Personally, I think having forums for different gun makers is a little much. I definitely don't want to see a few hundred caliber specific ones.


----------



## Black Metal (Jan 16, 2008)

I'm with these guys I think we have plenty of sub catagories as it is.


----------



## DevilsJohnson (Oct 21, 2007)

Personally I think it's covered in the other forums. If there was caliber forums I'm sure I'd be in there but I find it interesting how the caliber talks go in the different manufacture forums. Like the 45 ACP around will always haunt the 1911 forums. A lot more 9mm people in the poly gun forums etc.

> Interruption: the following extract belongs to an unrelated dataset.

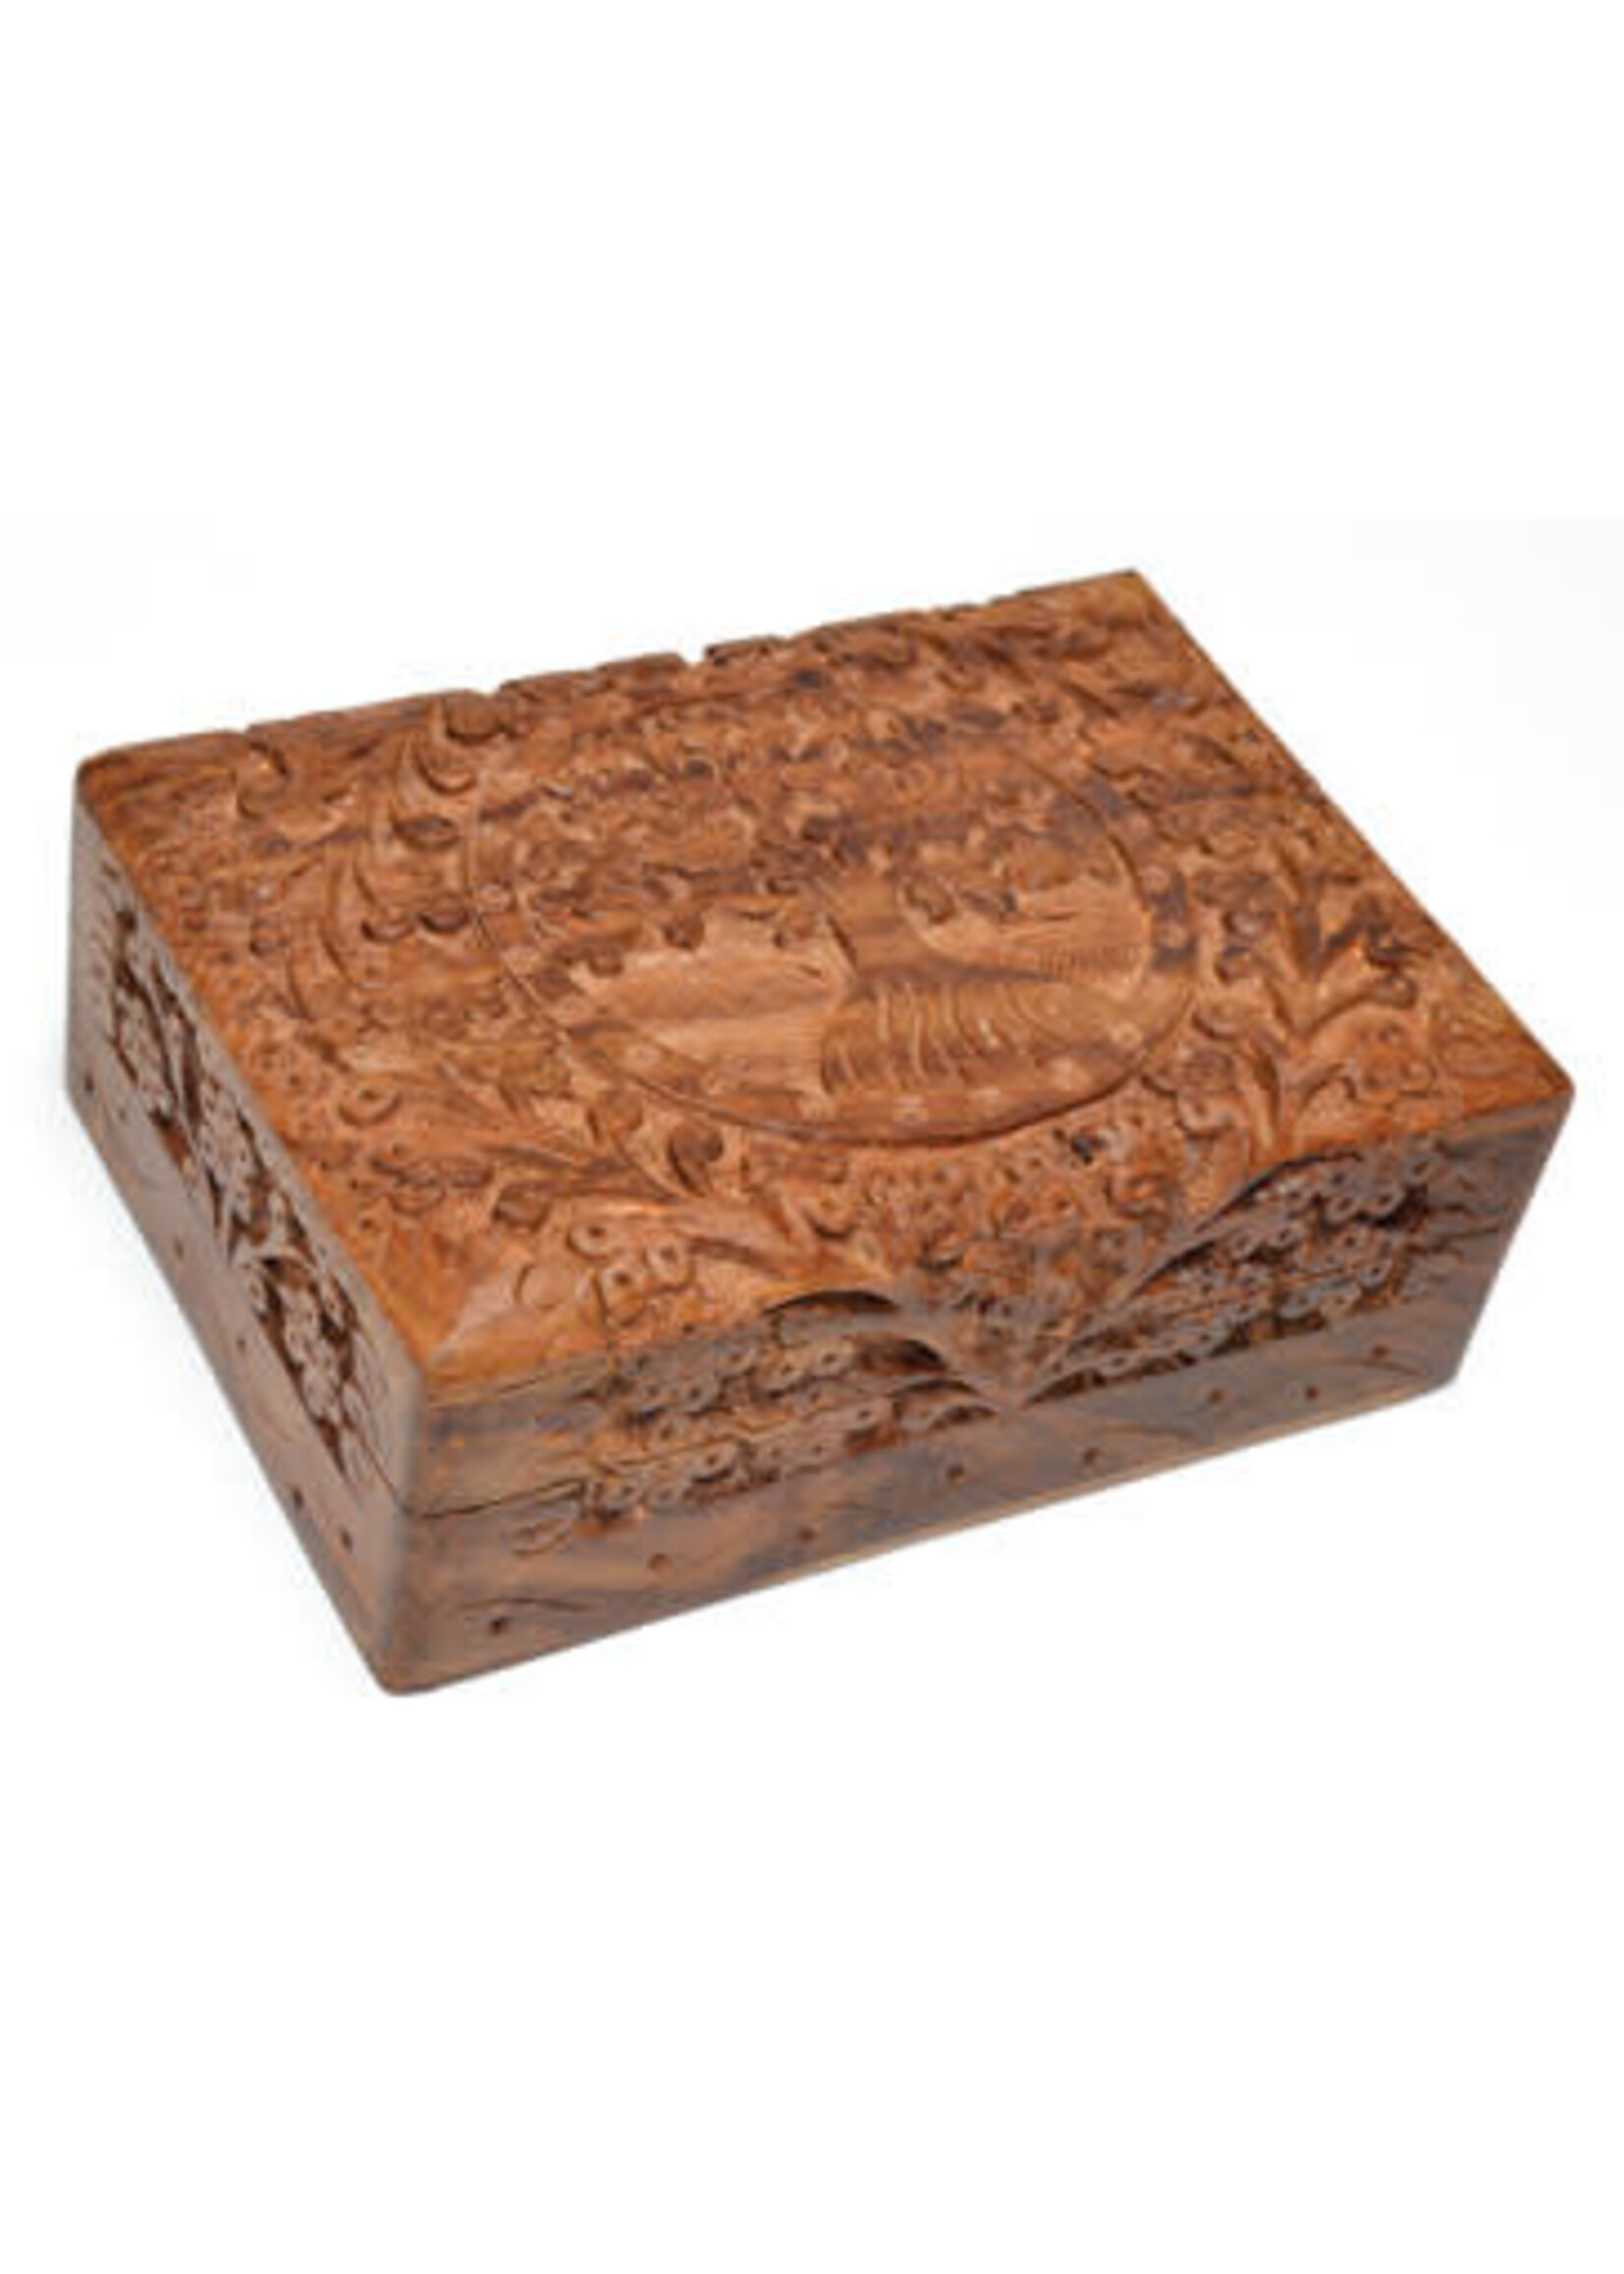 Tree of Life Carved Wooden Box - 4" x 6"

I do see what you are getting at though being one could see a forum just for 9mm and members chiming in about how their guns handle the round. Might be interesting. I can't make a vote on it.


----------



## RightTurnClyde (Oct 24, 2007)

I agree. I vote no. Caliber discussions can already fit in plenty of other sub-forums. General, Ammo, any of the Brand forums, etc.


----------



## Ram Rod (Jan 16, 2008)

No....it just aint making any sense to me.


----------



## undrgrnd (Jul 10, 2008)

but wouldn't it be great fun to argue how .40 s&w is better than 9mm on the 9mm forum and 45acp is better than both on the other 2 forums. sounds like fun. oh and can't forget how .380 is better than .308... wait... s^@%... wrong forum... as for my vote ill say no.


----------



## Steve M1911A1 (Feb 6, 2008)

Bad idea!

BTW: My wife and I will be away on vacation until next Saturday (the 6th). See you then...


----------



## Todd (Jul 3, 2006)

No.

We have enough sub-forums as it is. If it ain't broke, don't fix it.

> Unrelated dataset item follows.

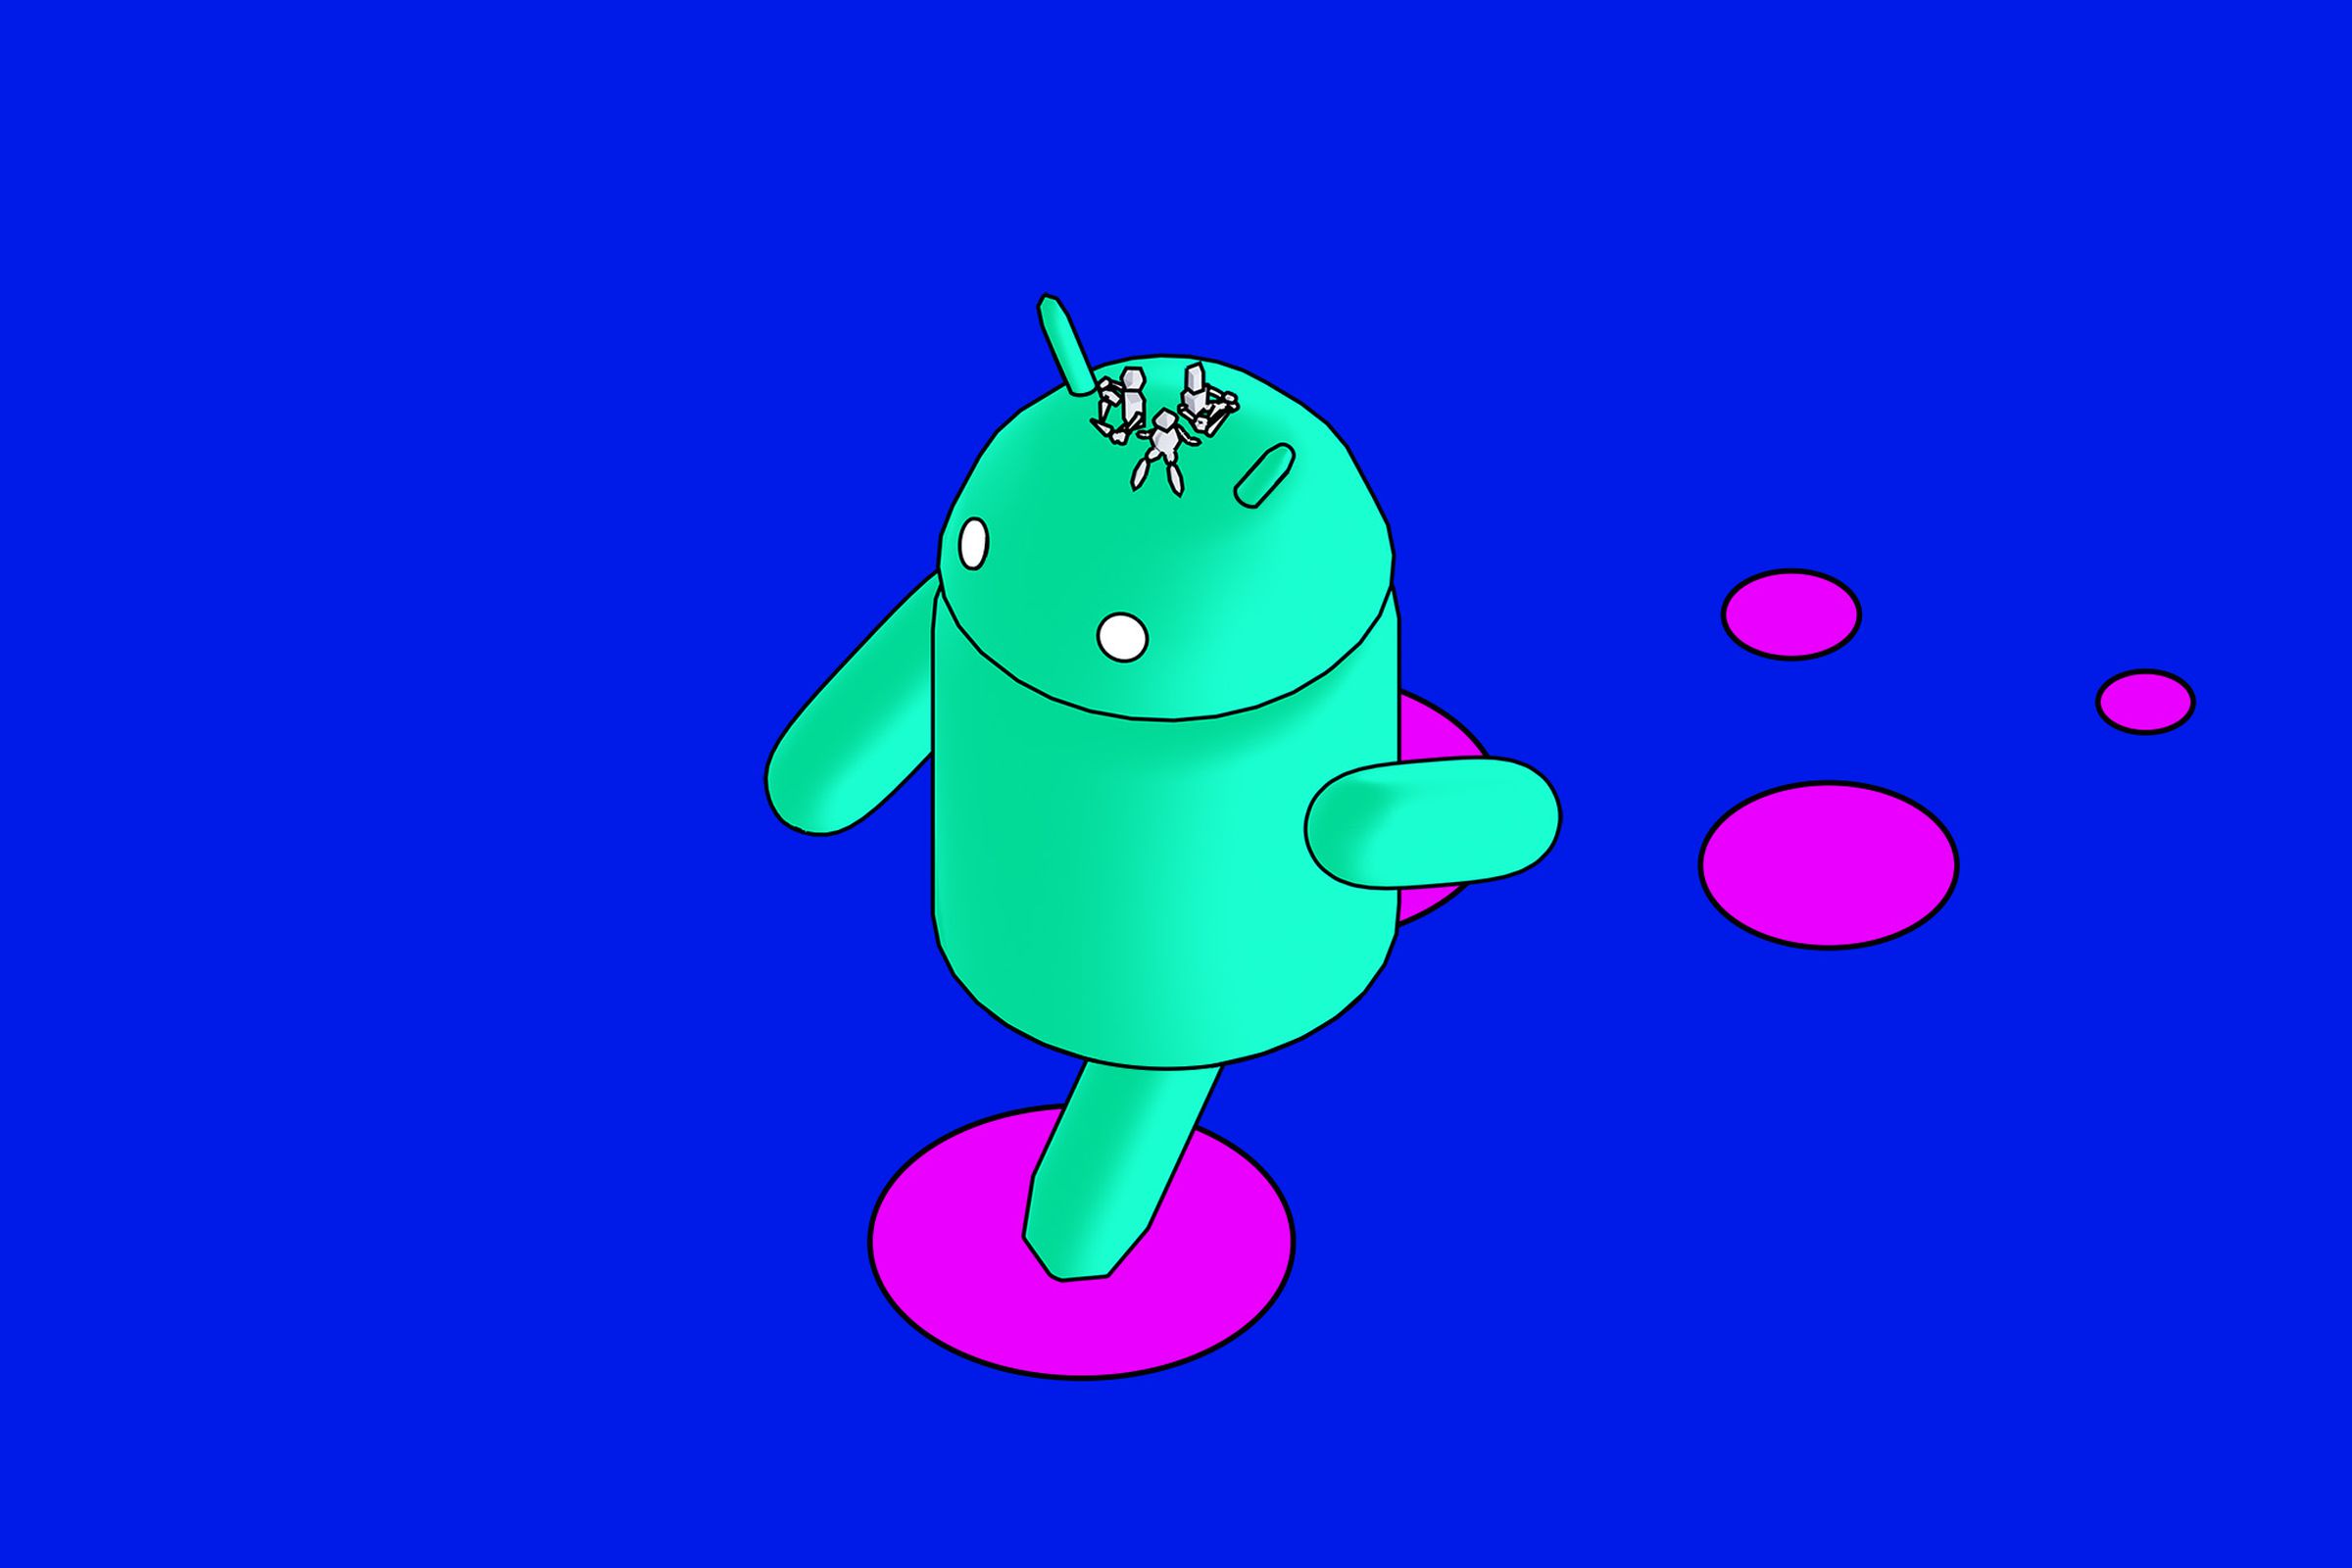 Three characters sit on top of a large android, inspired by the Android logo, across an open area.

Interesting to see that none of the people that voted "Yes", with the exception the OP (I'm assuming he voted "Yes" since it was his idea), chimed in with a reason for their vote.


----------



## tekhead1219 (May 16, 2008)

Looks like No is winning this one....by the way...I vote NO also.


----------



## hideit (Oct 3, 2007)

Every Now And Then I Come Up With Dumb Thoughts


----------



## Glockamania® (Dec 21, 2006)

Yes, because all I shoot is .40S&W and would like to learn more about them.


----------



## Ptarmigan (Jul 4, 2008)

What would you like to know about the .40S&W caliber? I think the semi-auto forum would be a good place to ask such questions.


----------



## unpecador (May 9, 2008)

I voted no but according to the poll, there is a small demand in favor of caliber sub forums. I have a feeling that some of the people who voted yes would like to express their reasons but wont to avoid the possibility of being ridiculed.


----------



## Ptarmigan (Jul 4, 2008)

unpecador said:


> I voted no but according to the poll, there is a small demand in favor of caliber sub forums. I have a feeling that some of the people who voted yes would like to express their reasons but wont to avoid the possibility of being ridiculed.

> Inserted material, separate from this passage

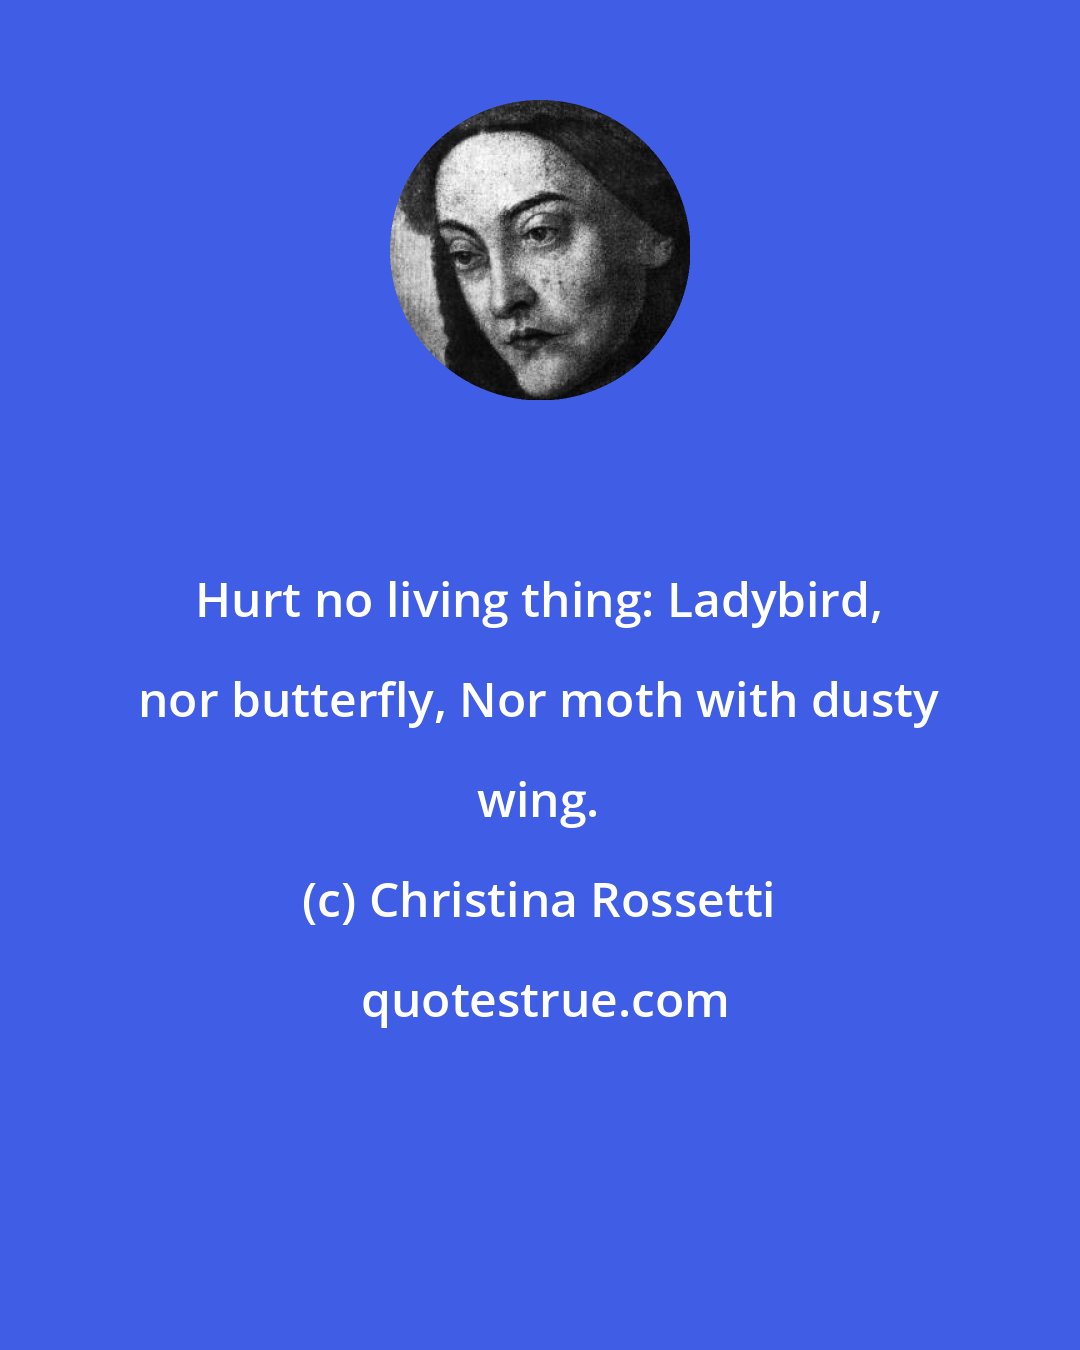 Christina Rossetti: Hurt no living thing: Ladybird, nor butterfly, Nor moth with dusty wing.

I think you are right. I would like to hear why some voted yes. There may be some good arguments in favor of such forums.


----------



## unpecador (May 9, 2008)

On the other hand, maybe some people who voted yes have no valid reason and just wanted to stir the pot.


----------



## m3coupe4me (Aug 18, 2008)

As a newbie, I like the idea. As I explore each caliber and get familiar with different handguns at the range, I would find it useful and informative.


----------



## TOF (Sep 7, 2006)

No

We have at least 1/2 newbie per day ask "What caliber should I buy" or near equivelant. I believe those threads provide more than sufficient coverage of the subject.

:smt083


----------



## Growler67 (Sep 8, 2008)

The search fuction can be used.....right?


----------



## Idok (Oct 3, 2007)

the real question is, what caliber of ammo do you use in a caliber war?


:anim_lol::buttkick::smt033


----------



## JeffWard (Aug 24, 2007)

I think it would be too repetetive... and redundant too.

Jeff


----------